TASK GOAL: Give back an exact copy of the lines in the records below, from the line that has "a puzzled person" through the line that has "back view of keston dress in army green", and nothing besides.

DATA UNDER STUDY:

--

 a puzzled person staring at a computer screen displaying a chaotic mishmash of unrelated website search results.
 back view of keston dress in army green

--

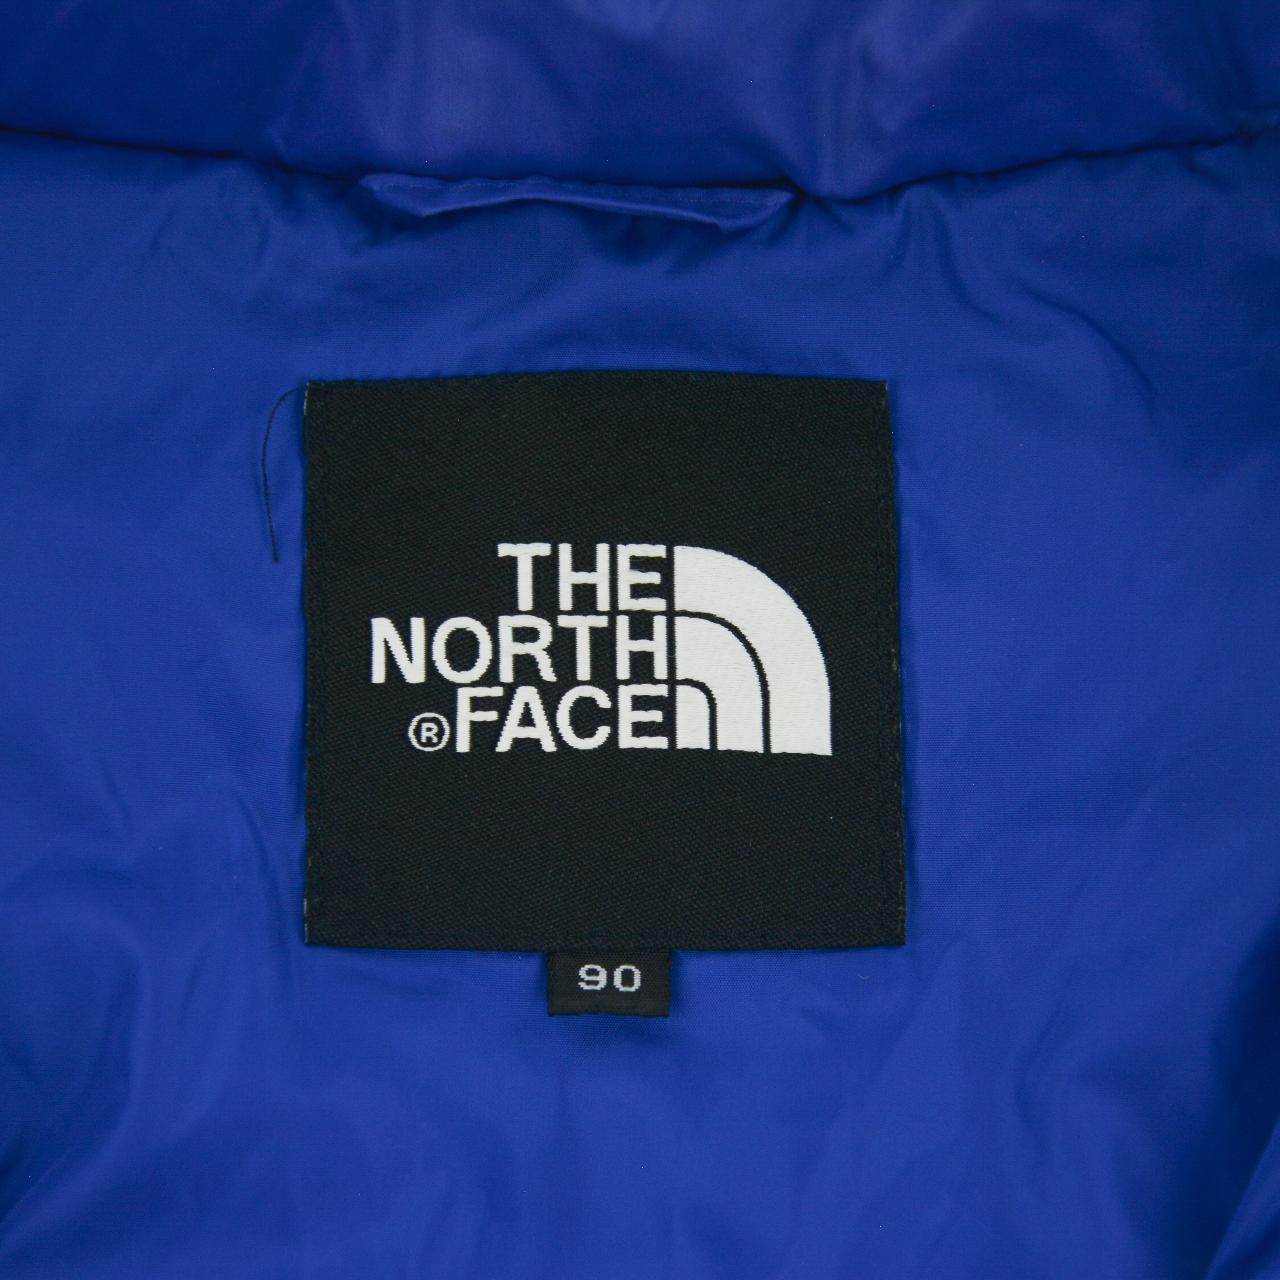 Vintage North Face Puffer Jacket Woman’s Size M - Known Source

--

RESULT OF THE EXERCISE:
 a puzzled person staring at a computer screen displaying a chaotic mishmash of unrelated website search results.
 back view of keston dress in army green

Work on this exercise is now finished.